What is required -> The data below should be copied out exactly, with its pictures omitted.

Input data ->
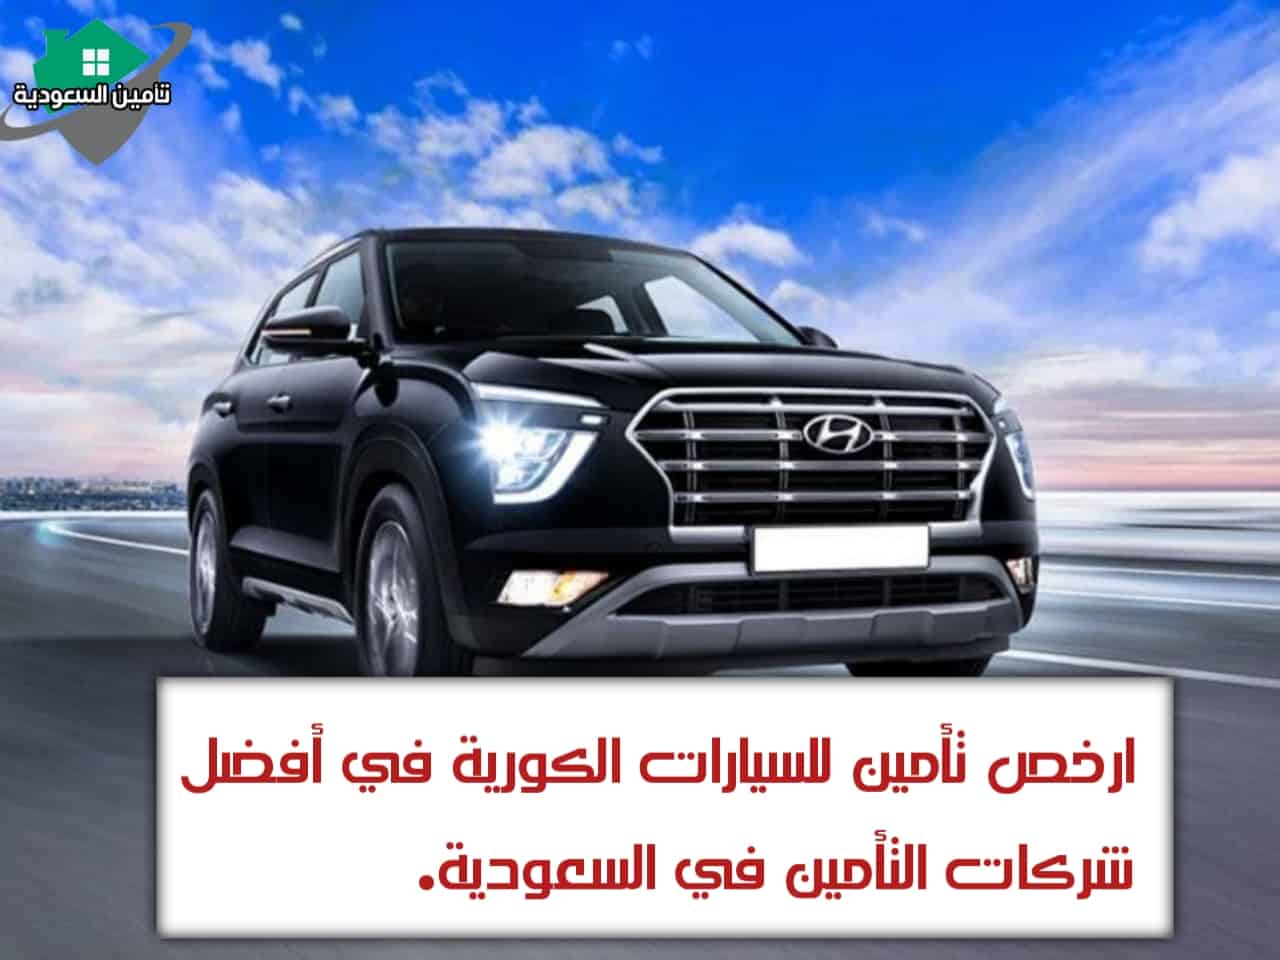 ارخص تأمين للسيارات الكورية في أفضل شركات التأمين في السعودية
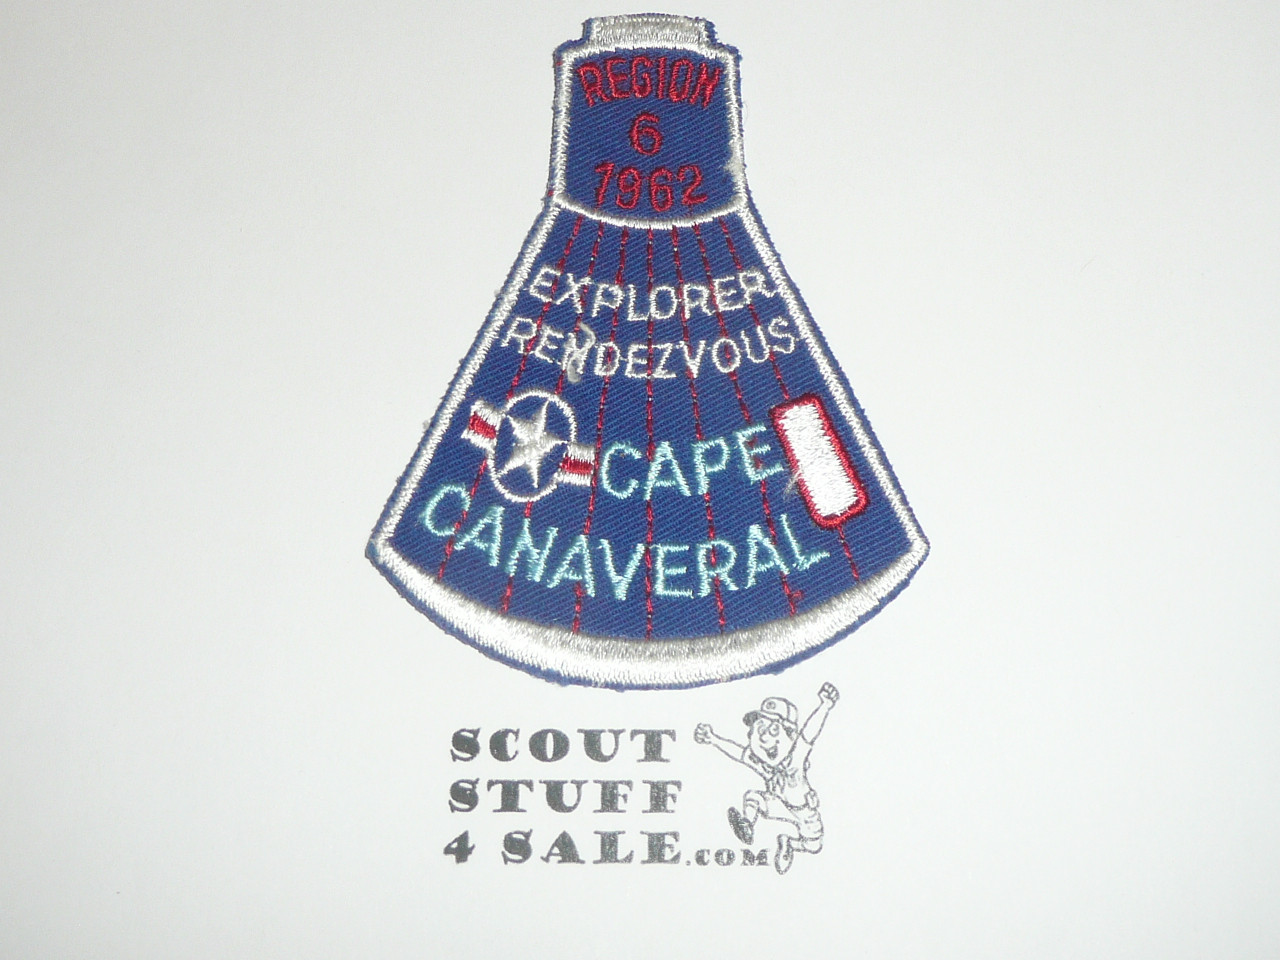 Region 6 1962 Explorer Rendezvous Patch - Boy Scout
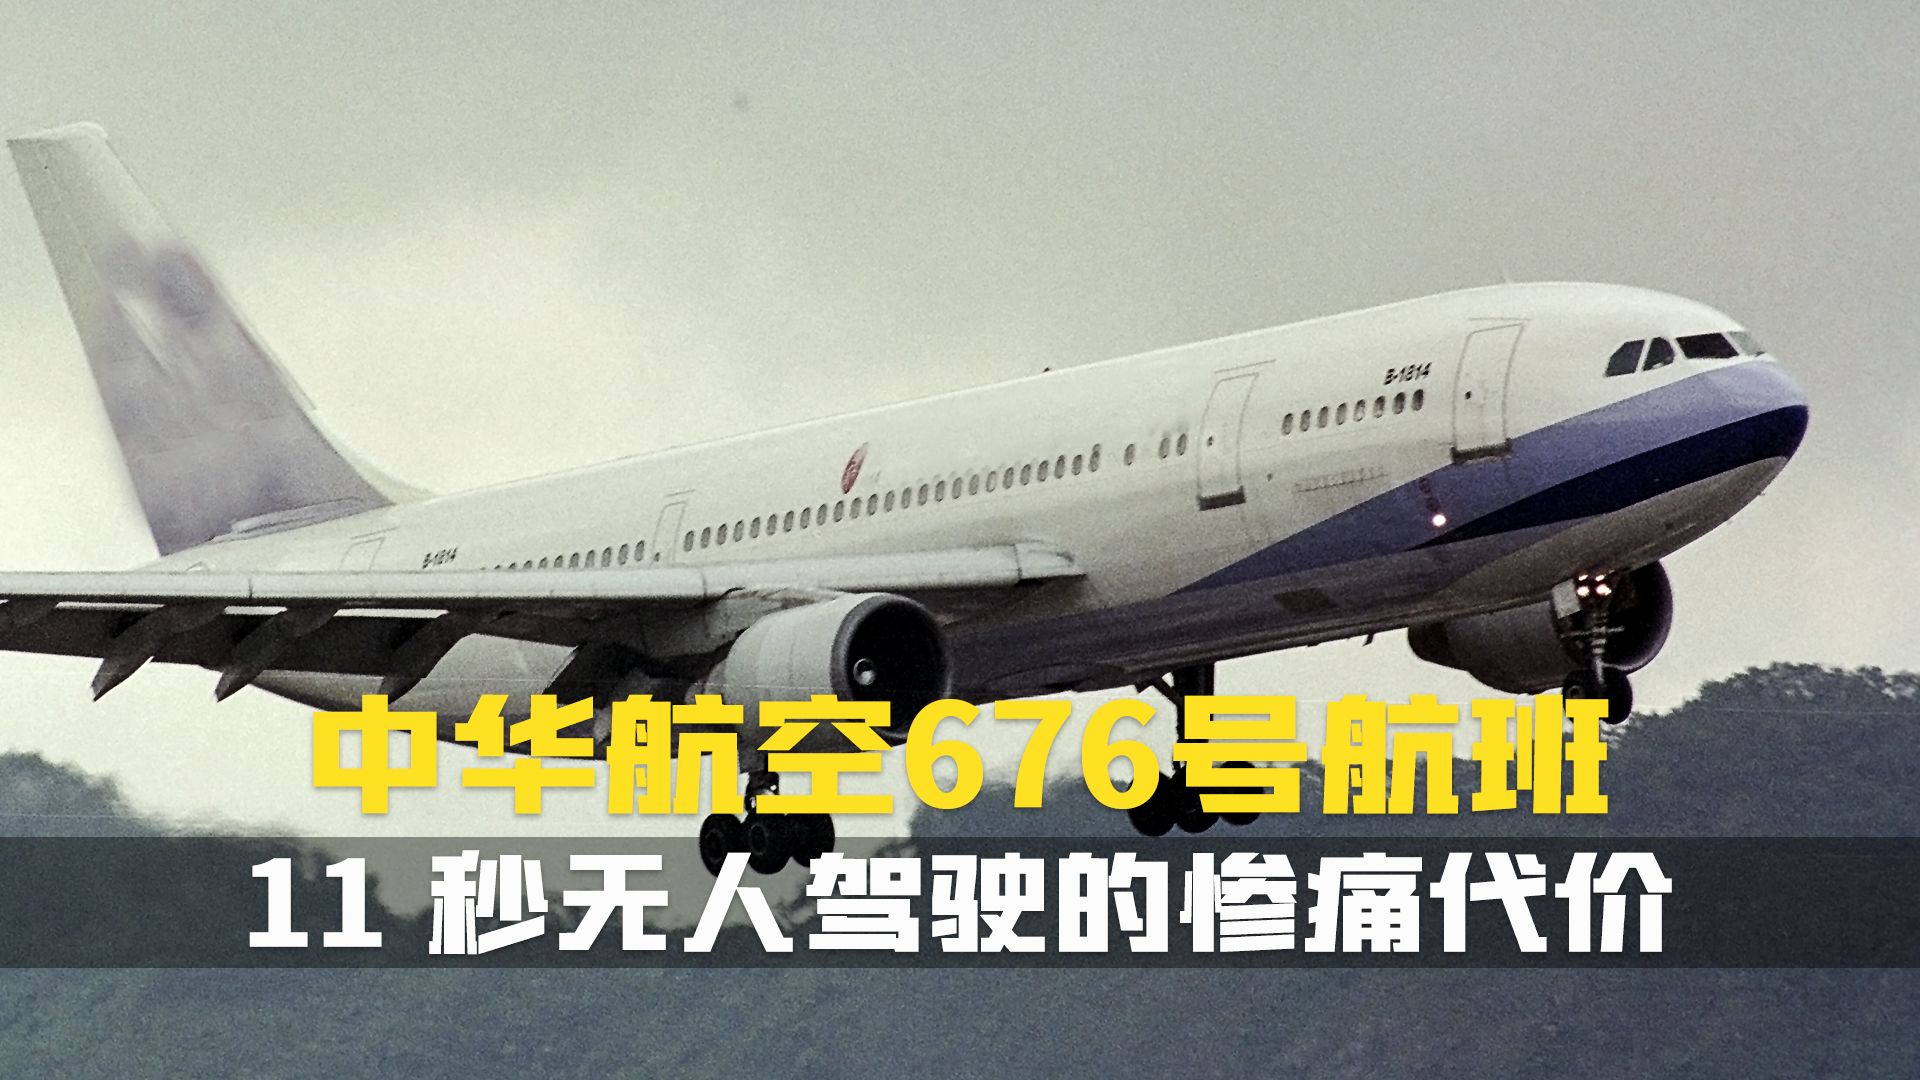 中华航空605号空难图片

Task answer ->
 ارخص تأمين للسيارات الكورية في أفضل شركات التأمين في السعودية
 Region 6 1962 Explorer Rendezvous Patch - Boy Scout
 中华航空605号空难图片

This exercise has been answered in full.